Learn more about the role of bone marrow and stem cells.




A cross section of bone (marrow)

Bone marrow is the soft, spongy tissue that fills the inner cavities of the bone. It’s where red blood cells, white blood cells and platelets are formed. It also contains fluid, blood vessels and fat.


The bone marrow is either red or yellow. When we are born, we only have red marrow, which is responsible for creating new blood cells. As we get older, some of the red marrow is replaced by yellow marrow, which is largely fat. A healthy adult has both red and yellow marrow.

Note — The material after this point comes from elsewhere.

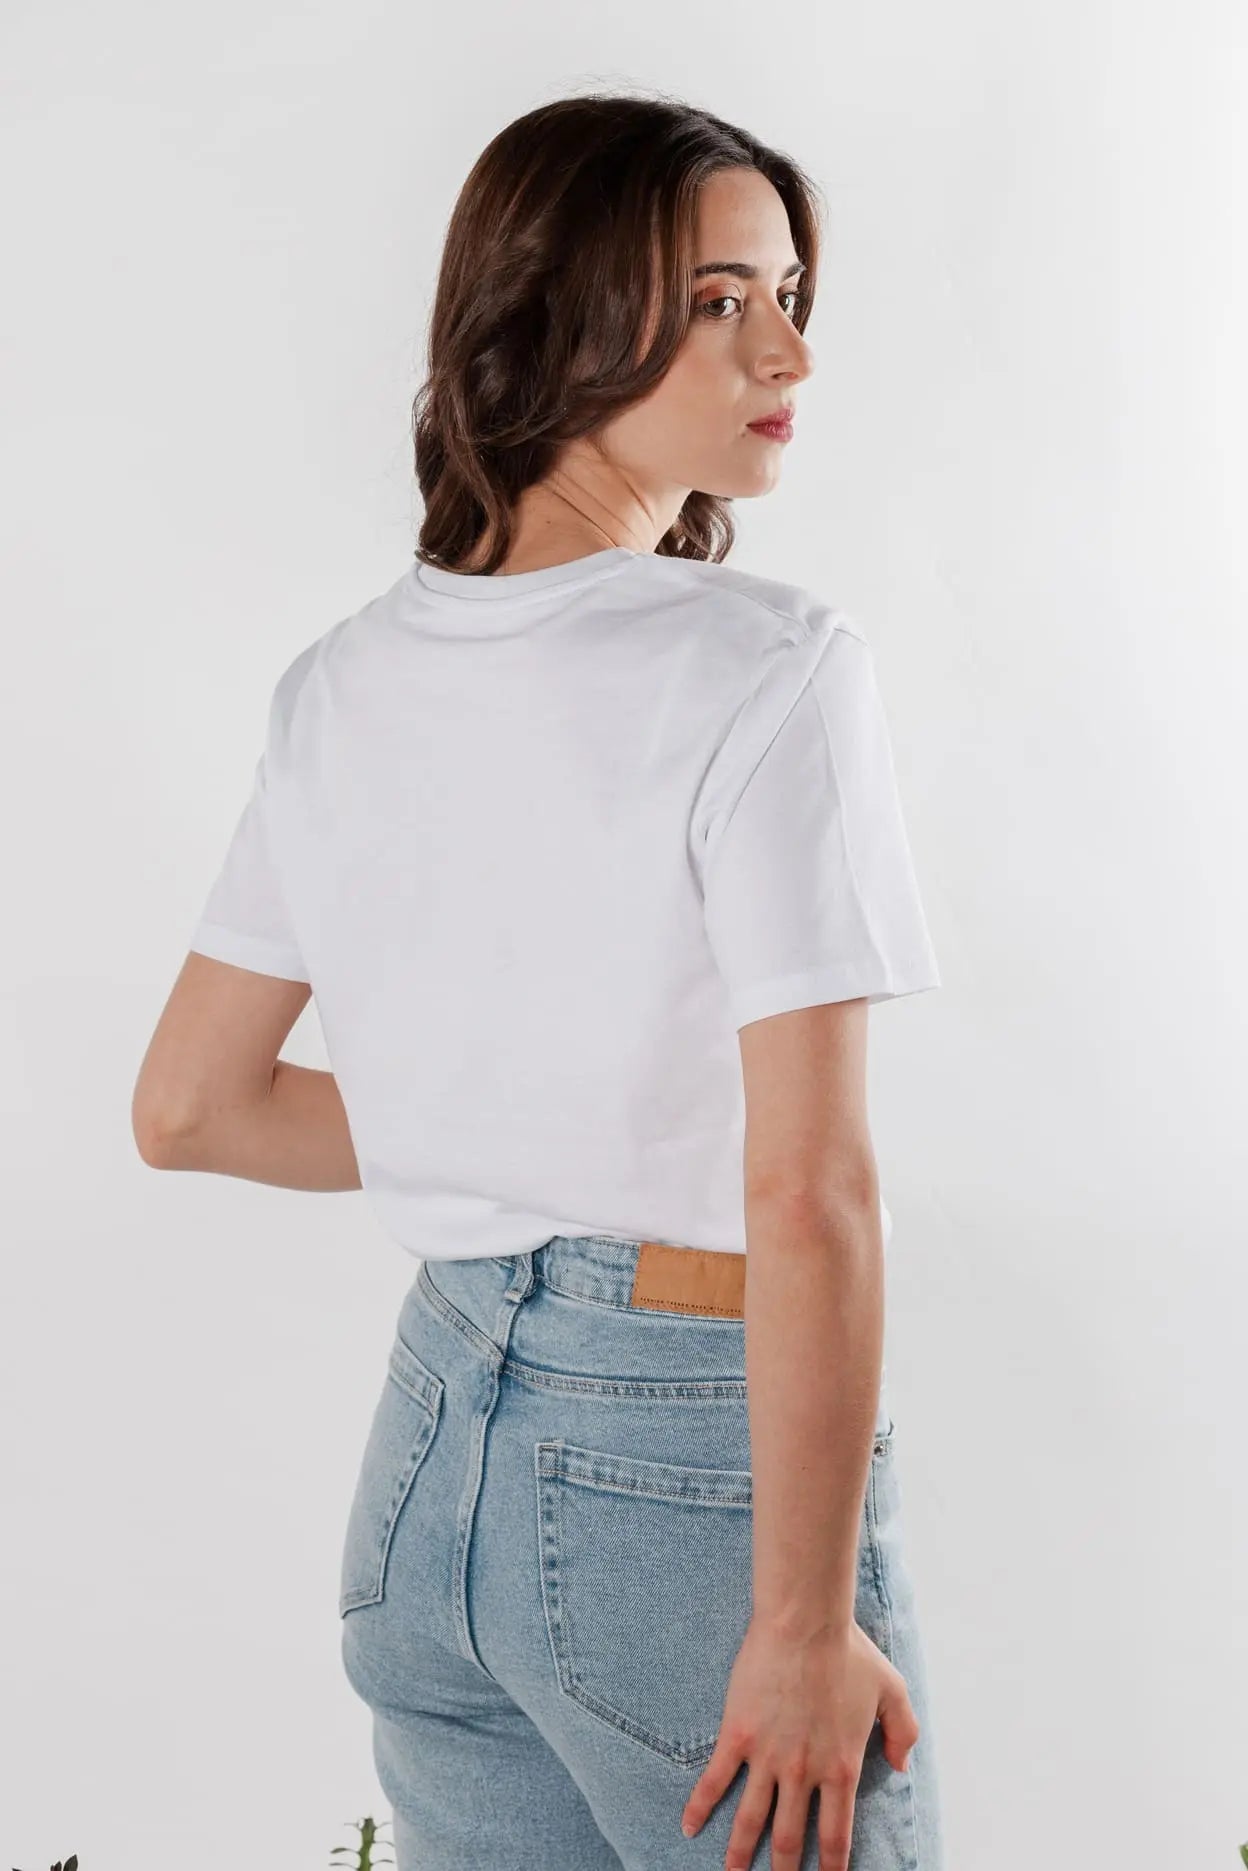 camiseta blanca 100% algodon ecologico. Regalo para mujer. Estampados esencia Japón
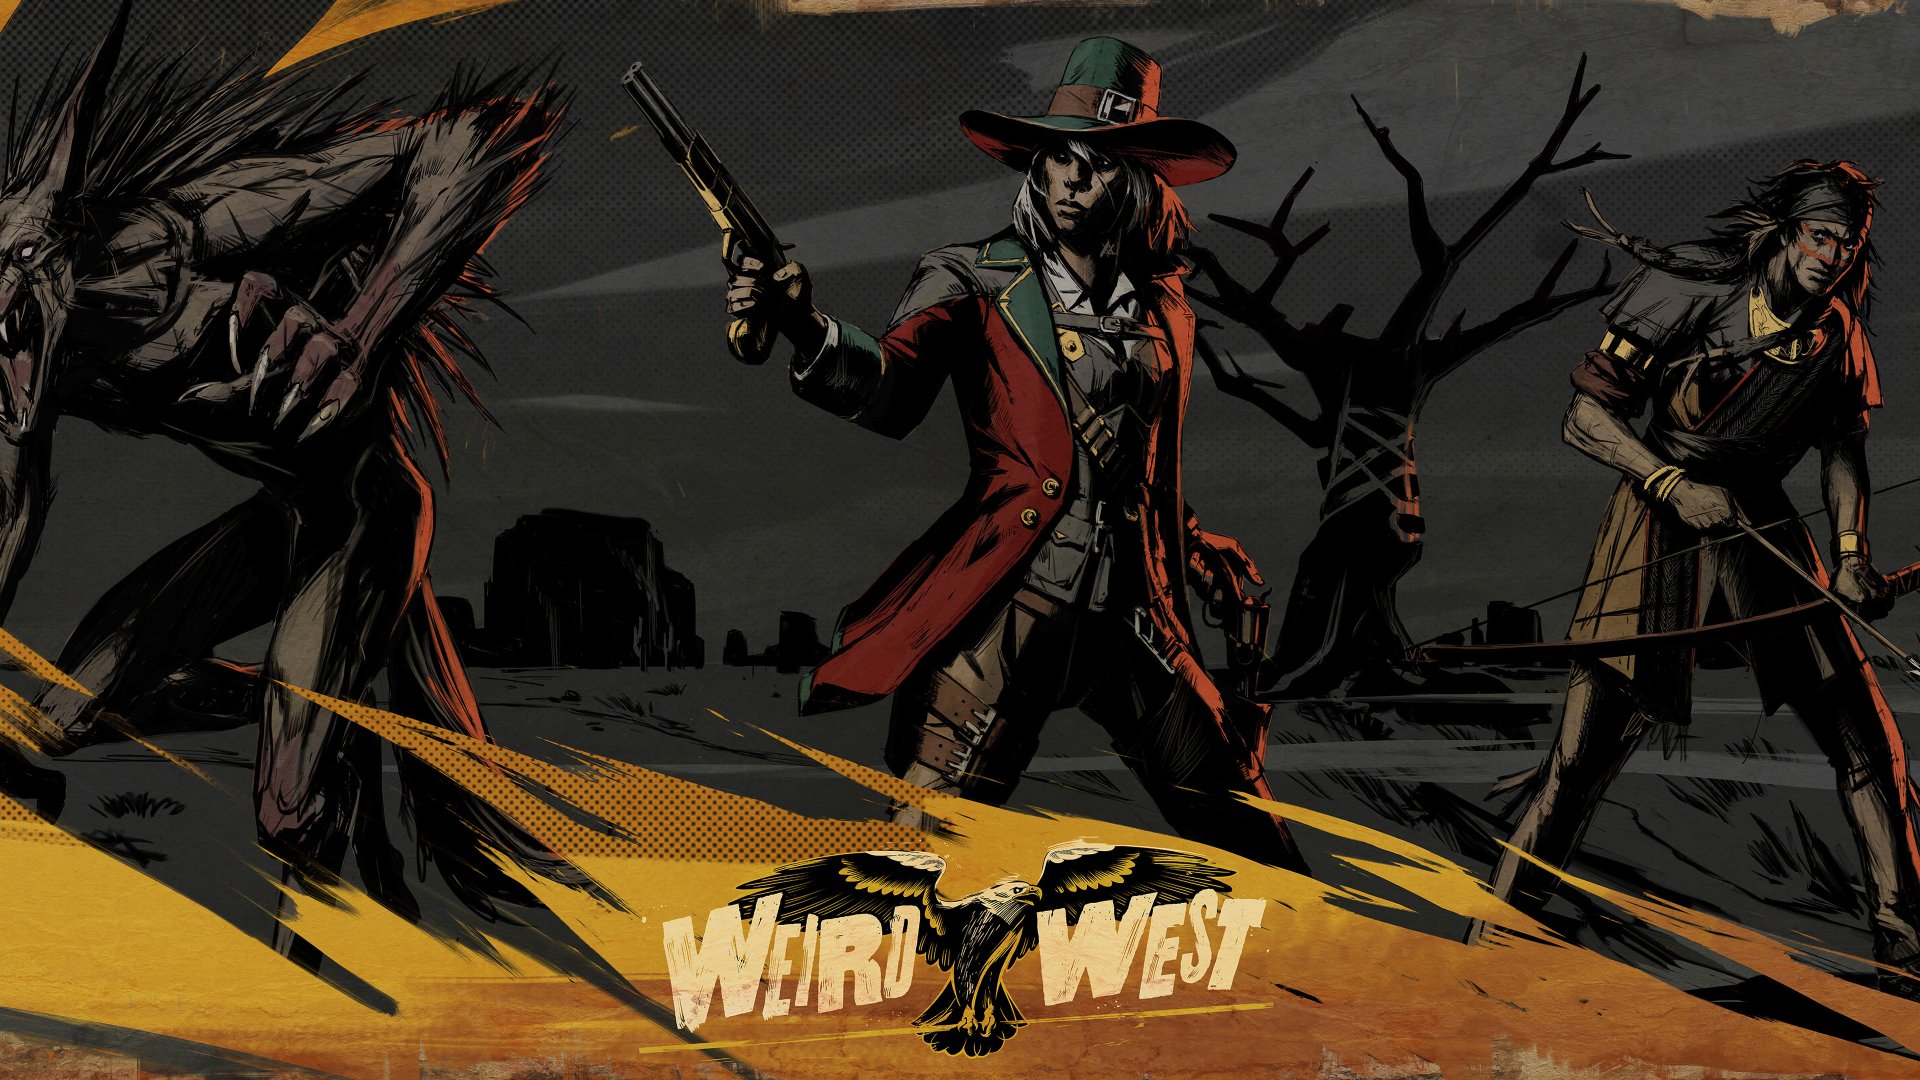 Weird west 6

ET is most common among those over the age of 60, though it does sometimes affect younger people, more often women under the age of 40. The average age at diagnosis is between 65 and 70 years. It’s more common among women, with two women diagnosed for every man.


How rare is essential thrombocythaemia?

The annual incidence of ET is between 1.5 and 3 cases per 100,000 people. ET can occur at any age, (although rarely in children); however, most patients are diagnosed between 50-70 years. essential thrombocythaemia (ET) affects men and women in relatively equal numbers.